Informist, Monday, Mar 7, 2022
By Shubham Rana
NEW DELHI – Overnight indexed swap rates rose sharply across maturities as traders paid higher fixed rates noting a surge in crude oil prices to a 14-year high that stoked fears inflation will rise and the Reserve Bank of India will increase policy rates earlier than anticipated, dealers said.
The one-year swap rate settled at 4.54% against the previous close of 4.41% and the five-year swap rate closed at 5.92% against 5.81% on Friday.
While the five-year OIS surged due to a spike in Brent crude oil, the one-year swap rate rose as traders reassessed their views on rate hike for higher inflation may require intervention from India’s central bank.
The sharp rise in triggers for imported inflation may prompt a hike in the repo rate as early as June, dealers said.
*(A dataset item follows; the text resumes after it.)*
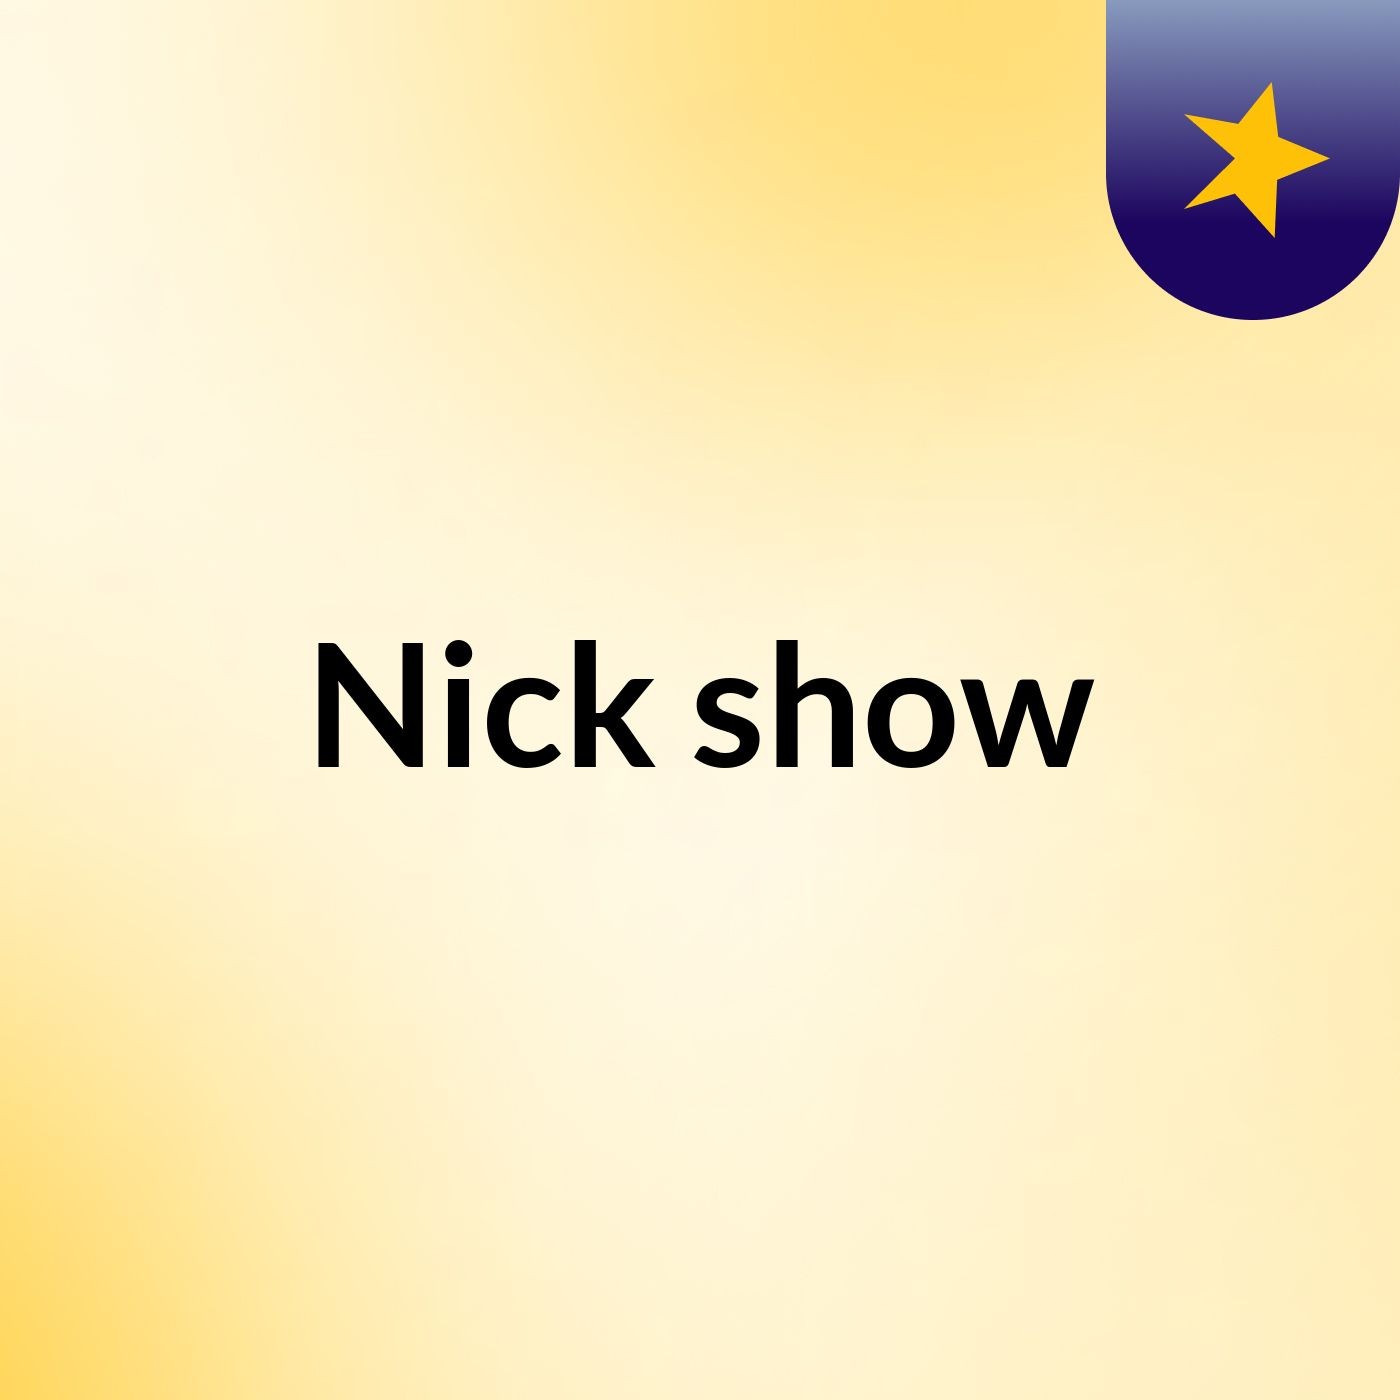 Nick show

Further, prices of commodities are under pressure as supply chains have been hit due to the ongoing war between Russia and Ukraine.
“With crude going up, inflation fears have increased. After policy (on Feb 10) people had expected the rate hike to be around October-November, now market thinks it will be earlier if crude remains elevated,” said a dealer at a private bank said.
“The inflation target of 4.5% in 2022-23 (Apr-Mar) is not possible with crude being at $130-per-bbl.”
Brent crude oil futures for May delivery topped the $139-per-barrel mark in Asian trade earlier today and stood at $125.39 per barrel at the end of Indian market hours, more than $7 per bbl higher than Friday’s settlement.
India is particularly susceptible to imported inflation as the country imports almost 80% of its crude oil needs. This could push Consumer Price Index-based inflation out of the central bank’s comfort band of 2-6%, dealers said.
Delays in return of Iranian crude oil to global markets and the US and the European Union imposing sanctions on Russia propelled crude oil prices.
Talks between Iran and the US to revive Iran’s 2015 nuclear deal hit a snag on Sunday after Russia demanded written US guarantees that the sanctions it faces over the Ukraine conflict will not hurt its trade with Tehran.
In response to Russia’s demands, US Secretary of State Antony Blinken said the sanctions imposed on Russia over its Ukraine invasion had nothing to do with a potential nuclear deal with Iran.
The US and its European allies are exploring a possible ban on imports of Russian oil, Blinken said on Sunday.
The jump in crude oil prices may threaten the Reserve Bank of India’s projected consumer inflation targets, particularly the Apr-Jun estimate of 4.9%, if prices do cool down by the end of March quarter, dealers said.
OUTLOOK
On Tuesday, swap rates are seen steady, with traders expected to stay on the sidelines amid a lack of major domestic cues on interest rates.
They will also keep an eye on the geopolitical situation regarding Ukraine, particularly for the five-year overnight indexed swap rate.
Any sharp movement in US Treasury yields and crude oil prices might also lend cues in opening trade.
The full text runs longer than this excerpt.